İsrail medyası i24NEWS'un iddiasına göre, ''bölgede son dönemde artan askerî hareketlilik ve Türkiye’nin faaliyetlerindeki yükseliş, Atina’nın güvenlik endişelerini derinleştirirken, zirvenin gündeminde bu kaygılara cevap niteliğinde bir hızlı müdahale askerî biriminin kurulması ihtimali de bulunuyor''.
i24NEWS muhabiri Amichai Stein’ın geçtiğimiz hafta aktardığı haberler, üç ülkenin böyle bir ortak güç oluşturma olasılığını gündeme getirmişti.
Uzmanlar, hızlı müdahale gücünün, İsrail, Yunanistan ve Kıbrıs arasında askerî ve stratejik koordinasyonun artırılması, hazırlık seviyesinin yükseltilmesi ve bölgesel askeri kapasitesinin güçlendirilmesi açısından kritik bir adım olduğunu belirtiyor.
Girişimin özellikle Atina’nın bölgedeki askerî dengeye ilişkin endişelerinden kaynaklandığı vurgulanıyor.
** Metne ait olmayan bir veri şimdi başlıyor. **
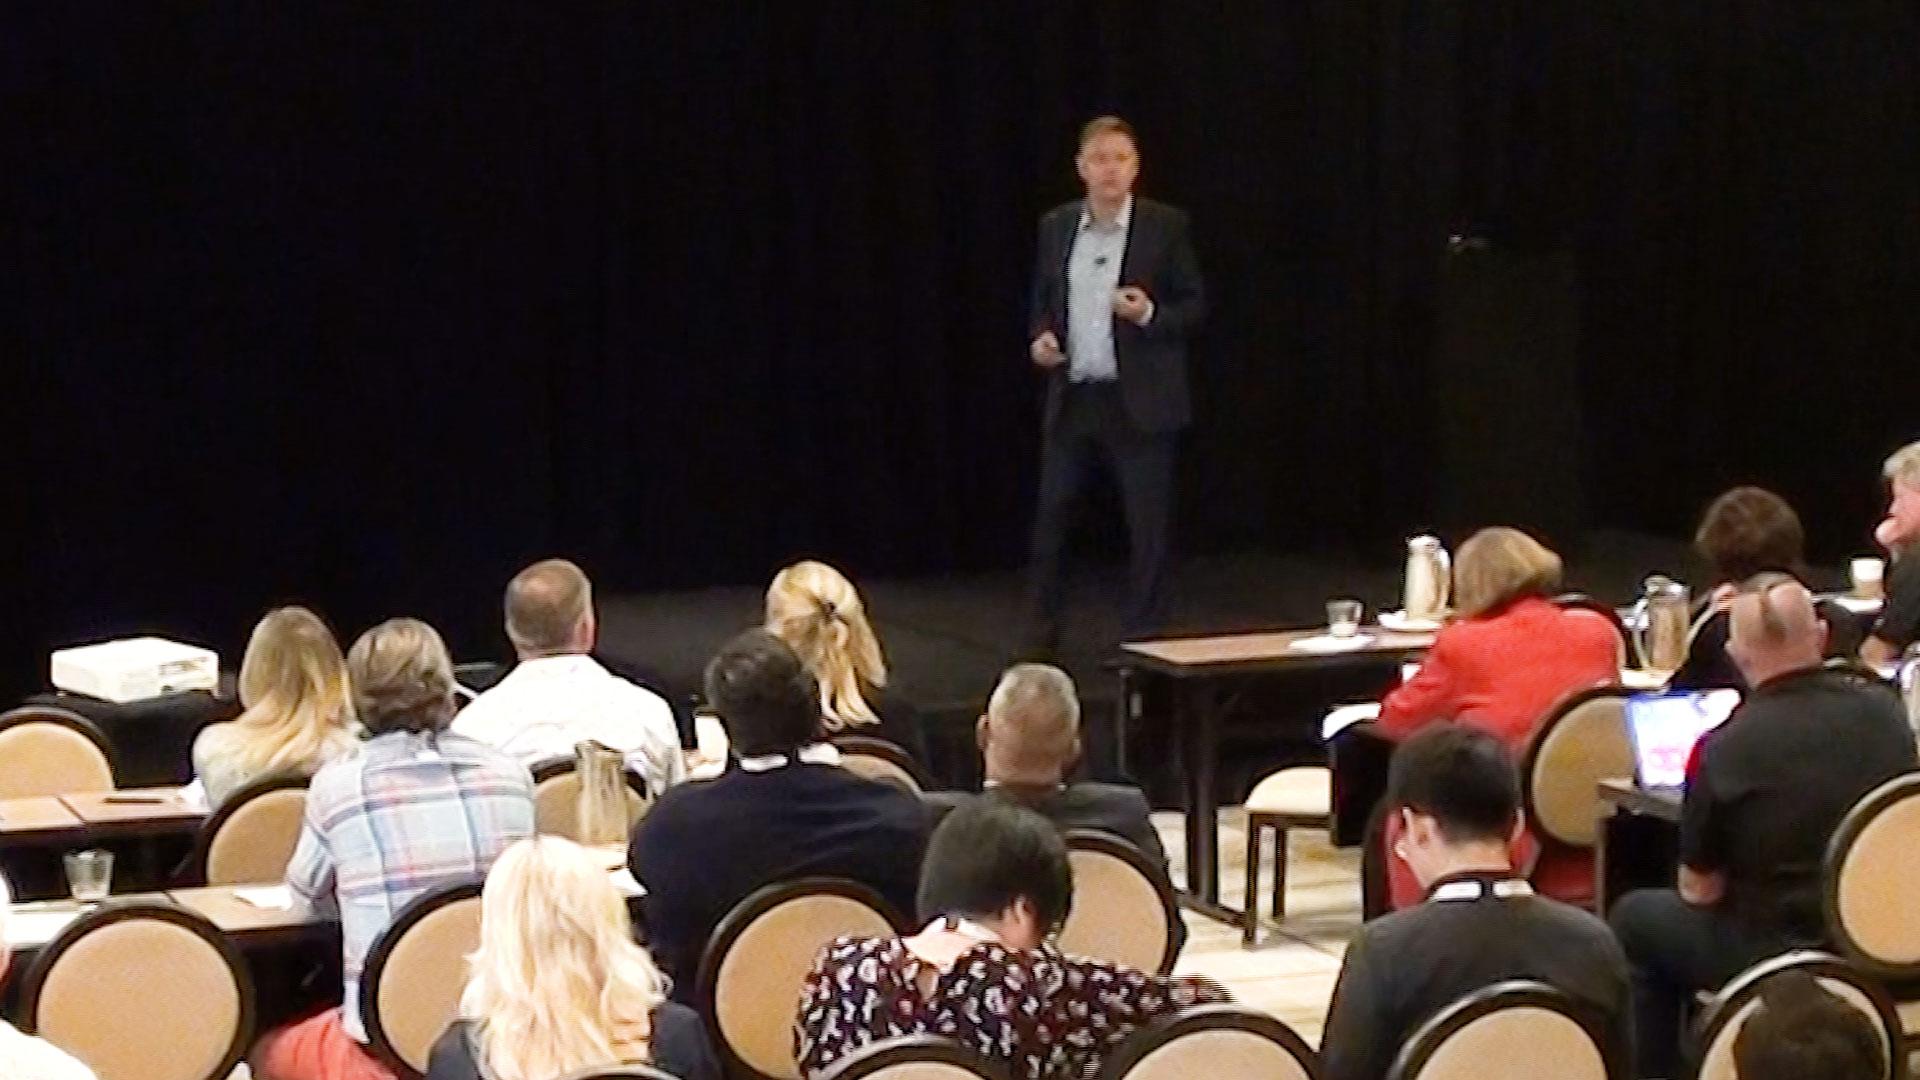 Keynote_Speaker_Jens-Uwe_Meyer_Napa_California
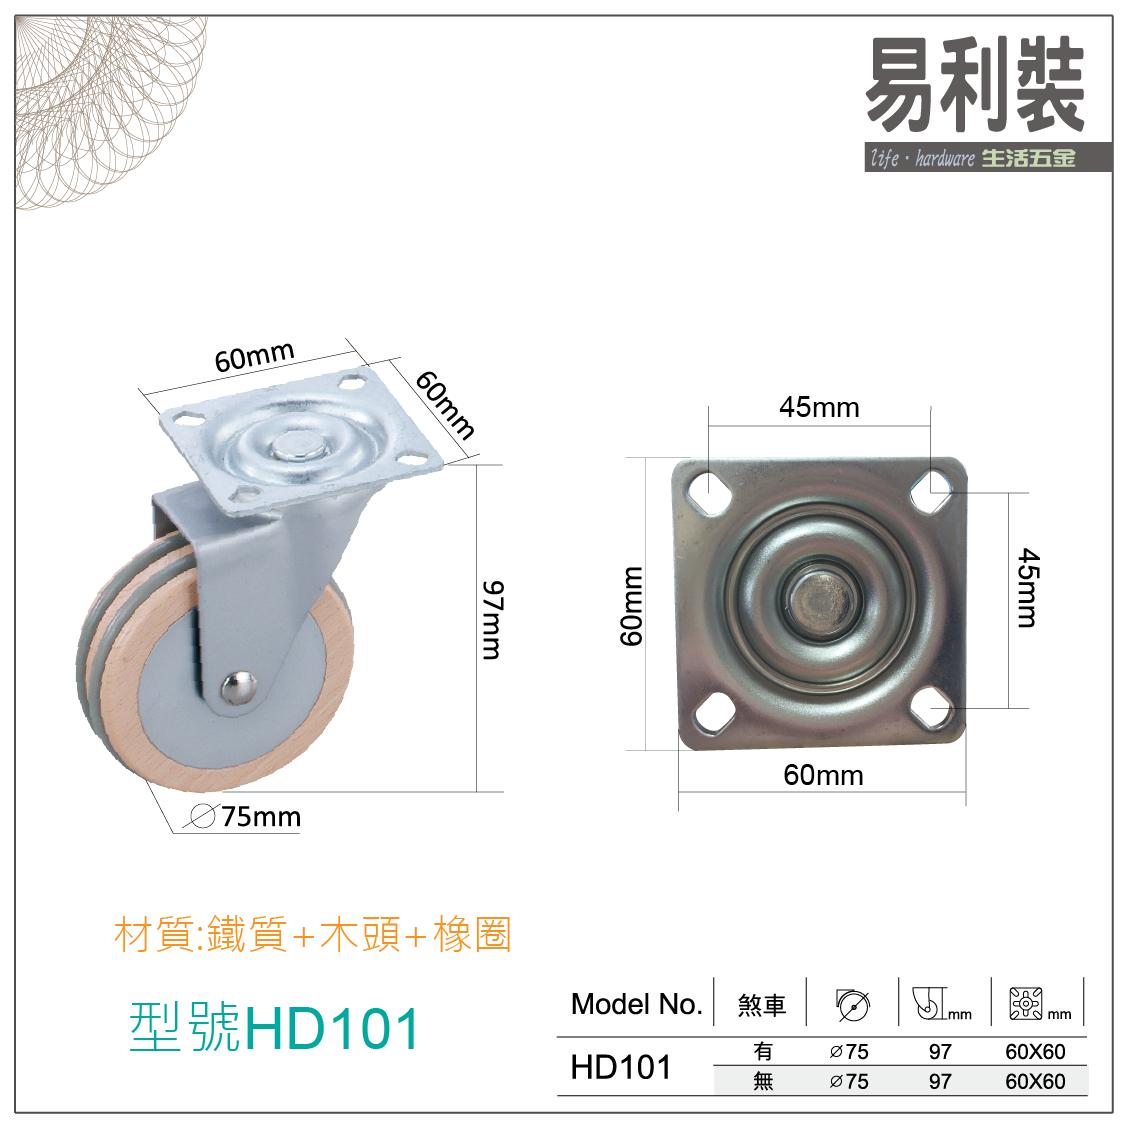 【 EASYCAN  】HD101 活動輪 易利裝生活五金 桌輪 櫃輪 房間 臥房 衣櫃 小資族 辦公家具 系統家具 1

Bu zirvenin bölgedeki stratejik ortaklığı pekiştirerek, savunma alanındaki iş birliğini derinleştirebileceği ve bölgesel güvenlik sorunlarına daha koordineli, kapsamlı bir yanıtın sinyallerini verebileceği iddialar arasında. Bu bağlamda, Doğu Akdeniz’deki güvenlik mimarisinde önemli bir dönüm noktası olarak değerlendirilen zirve, üç ülke arasındaki ittifakın yeni aşamasını simgeliyor.
Gözlemciler, bölgede artan jeostratejik rekabet ve İsrail’in Türkiye karşıtı hamlelerinin ardından, Ankara’nın Doğu Akdeniz ve genel olarak Ortadoğu’da güvenilir, dengeli ve yayılmacılığa karşı uzlaşı temelli ittifaklar kurma arayışını hızlandırmasının kaçınılmaz olduğu konusunda hemfikir.
Ayrıca, İsrail’in Yunanistan ve Kıbrıs ile askerî iş birliğini derinleştirmesi, Türkiye’nin bölgesel nüfuzunu sınırlama stratejisinin bir parçası olarak okunuyor.
Haliyle bu durum, Ankara’yı müttefik portföyünü genişletmeye ve bölgesel güç dengelerinde daha esnek bir pozisyon almaya zorlayacak jeopolitik bir zorunluluğu beraberinde getiriyor.